VR-PAVIB: The Virtual Reality Pedestrian-Autonomous Vehicle Interactions Benchmark Suite
Table of contents
General info
Autonomous vehicles (AV) is a merging theme for the advent era of future transportation. In design, AVs are able to effectively assist humans in everyday tasks. However, one challenge prevents pedestrian-AV interactions research is that there are no public and standardized benchmarks to investigate different manners of interactions to communicate AVs’awareness and intent to pedestrians. To address the existing limitation, this proposed work aims to include general interactive interfaces on AV and introduce the VR-PAVIB benchmark for researchers to investigate the impact of different interface features on pedestrians’ perception of the AV behavior on the road. Paper published on the AutomotiveUI '20: 12th International Conference on Automotive User Interfaces and Interactive Vehicular Applications, 2020.
Setup
This is a first person view experience. The user can move using the usual a, w, s, d keyboard inputs.
The traffic logic depends upon what scenarios the vehicle is present in. A Behaviour Tree is utilized for decision making as it is seen in the algorithm below. There will be different behaviours for different situations:
When the vehicle stops before a stop sign, it will only stop for a certain period of time specified by the user, unless there is a person walking on the crossing street which will cause the vehicle to only wait until the road is empty again.
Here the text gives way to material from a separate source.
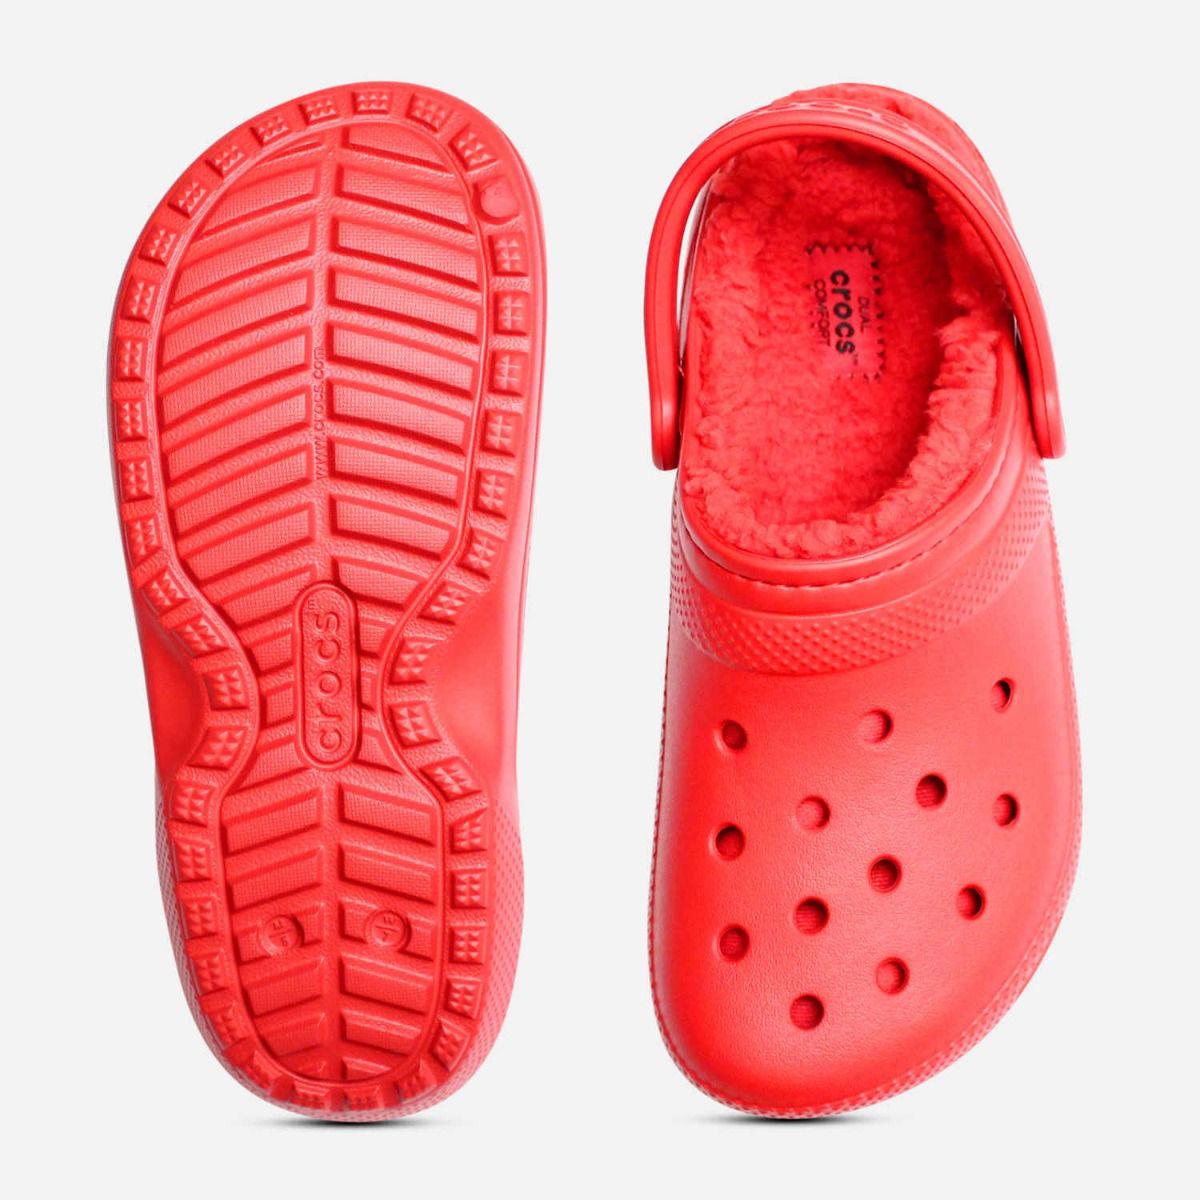 red fur lined crocs

Stopping in front of a stoplight, will also cause the vehicle to behave in different ways as it depends on a different set of factors like which light is activated and if someone is passing through the crossroad. If a user is in the crossroad, the vehicle will stop no matter what, until the crossroad is empty again. If the light is red, the vehicle will stop and start again when it turns green. If the vehicle is about to turn right, in both red and green lights, it will check both streets before it turns.
The vehicle is able to differentiate between these different scenarios by using raycasting. Through raycasting, the vehicle is informed on what object is ahead of it and what behaviour it should perform. The Navigation Mesh System is also utilized to guide the vehicles in their path and determine where they need to go next. In the end the project involves two main scenarios: user walking through a crossroad with a stop sign, and user walking through a stoplight intersection.
Technologies
Project is created with:
- Unity: 2019.2.2f1
So far this is an early prototype and work is still being done to develop the project further.